The larva, a fat, white maggot, does the most damage. It lives on the internal tissues of the buds and bolls. An infested bud usually drops, but most of the damaged bolls remain on the plant and become stunted or dwarfed. Adult weevils that emerge in the autumn hibernate in grass, old bolls, or other vegetation or in the seeds around the cotton gins. They reappear in spring.
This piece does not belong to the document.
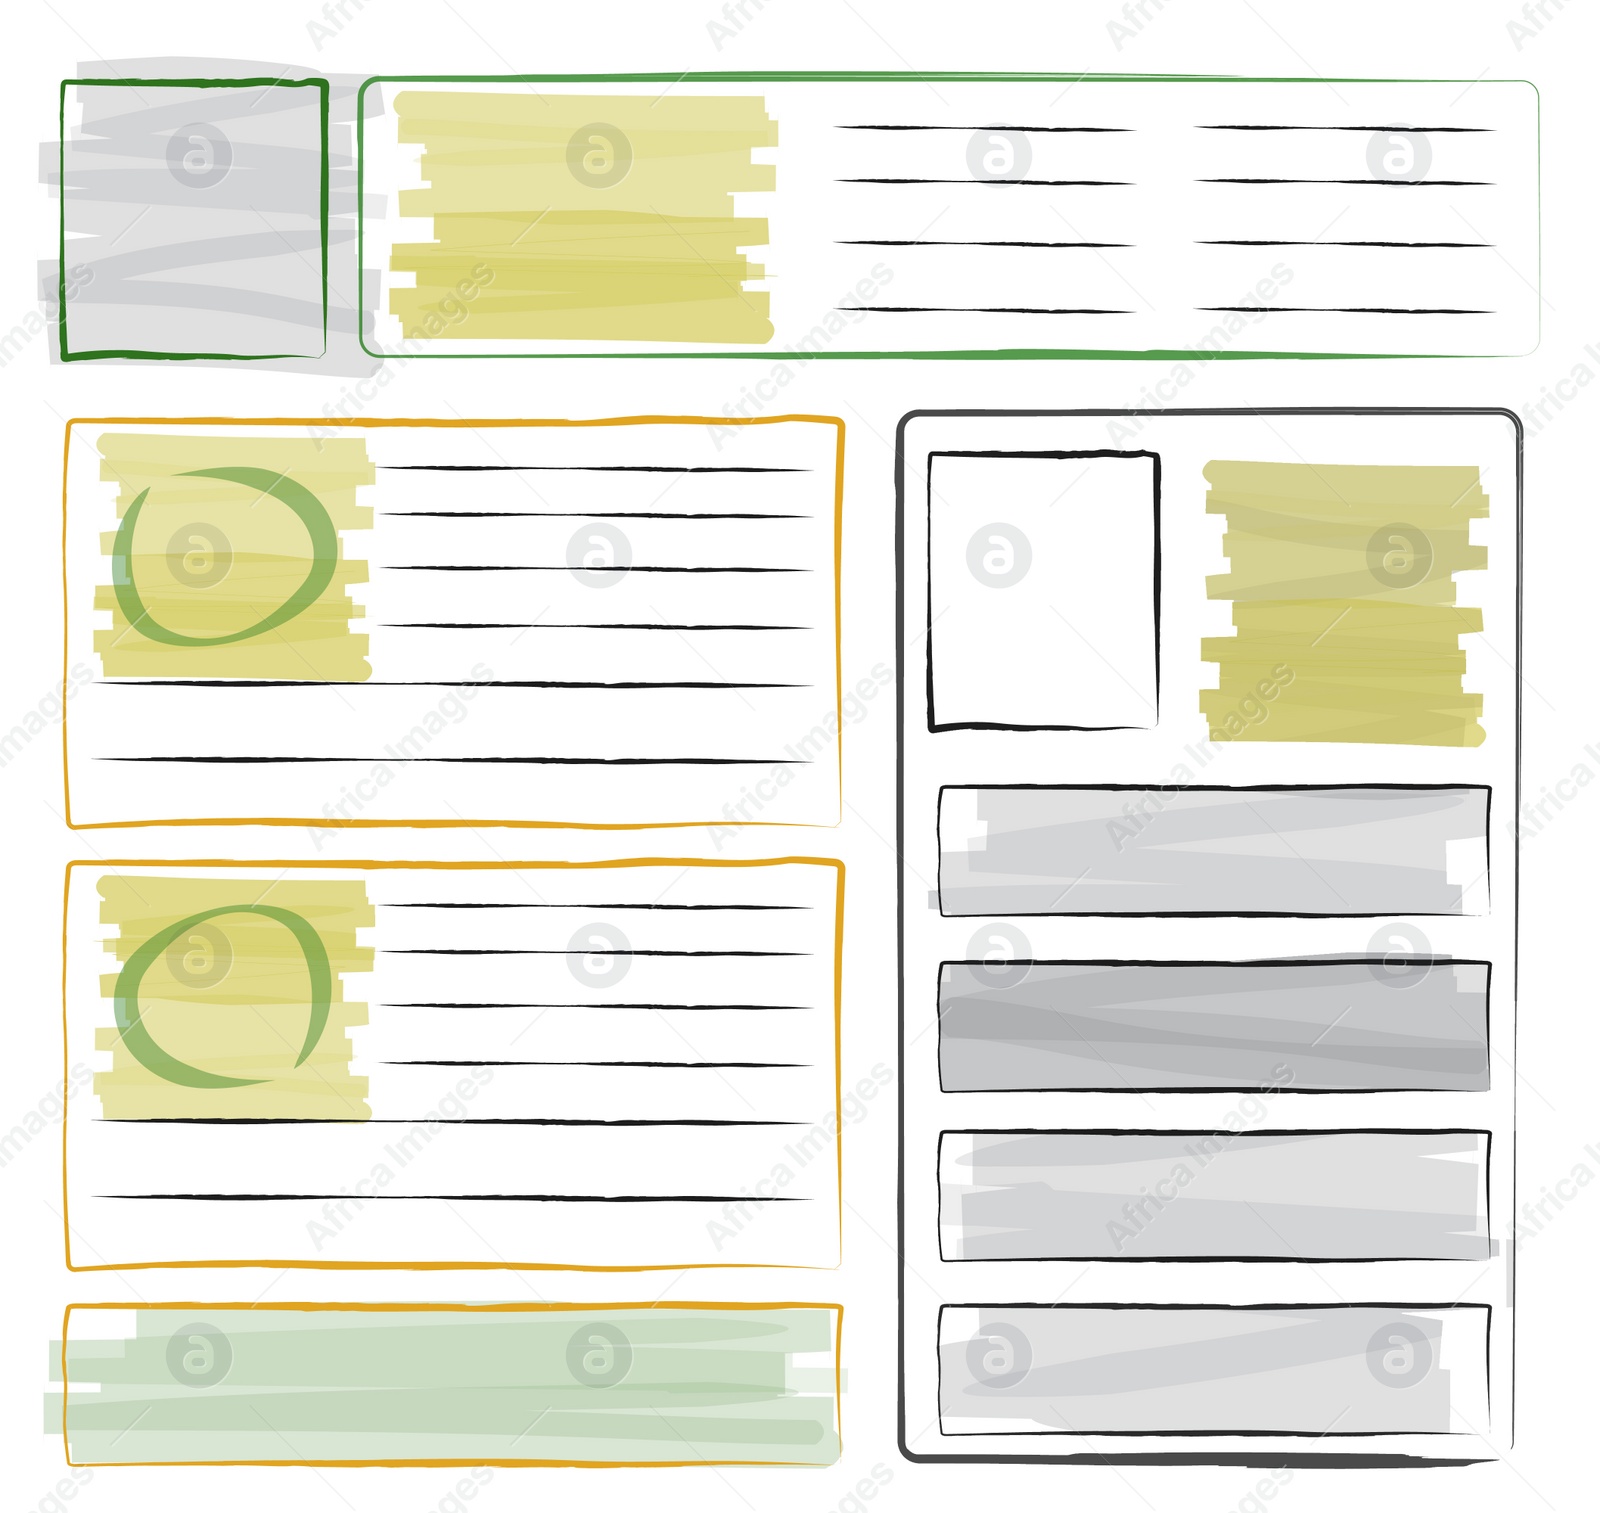 Illustration of Sketch of website planning and design, illustration

The insect was first known in Central America, Mexico, and Cuba. In 1863 its ravages stopped the cultivation of cotton in Mexico. About 1892 it spread across the Räo Grande to Brownsville, Texas. From this focal point it moved outward at a rate of about 113 km (about 70 mi) a year, eventually infiltrating into every cotton-growing district in the United States east of the Rocky Mountains. The boll weevil has been the target of intensive pesticide spray programs. Today, however, it is increasingly treated using nonchemical means of pest control, including pheromone-baited traps and so-called clean culture, the careful removal of old cotton stalks to deprive the beetle of its overwintering refuge.

Scientific classification: The boll weevil belongs to the family Curculiondae, order Coleoptera. It is classified as Anthonomus grandis.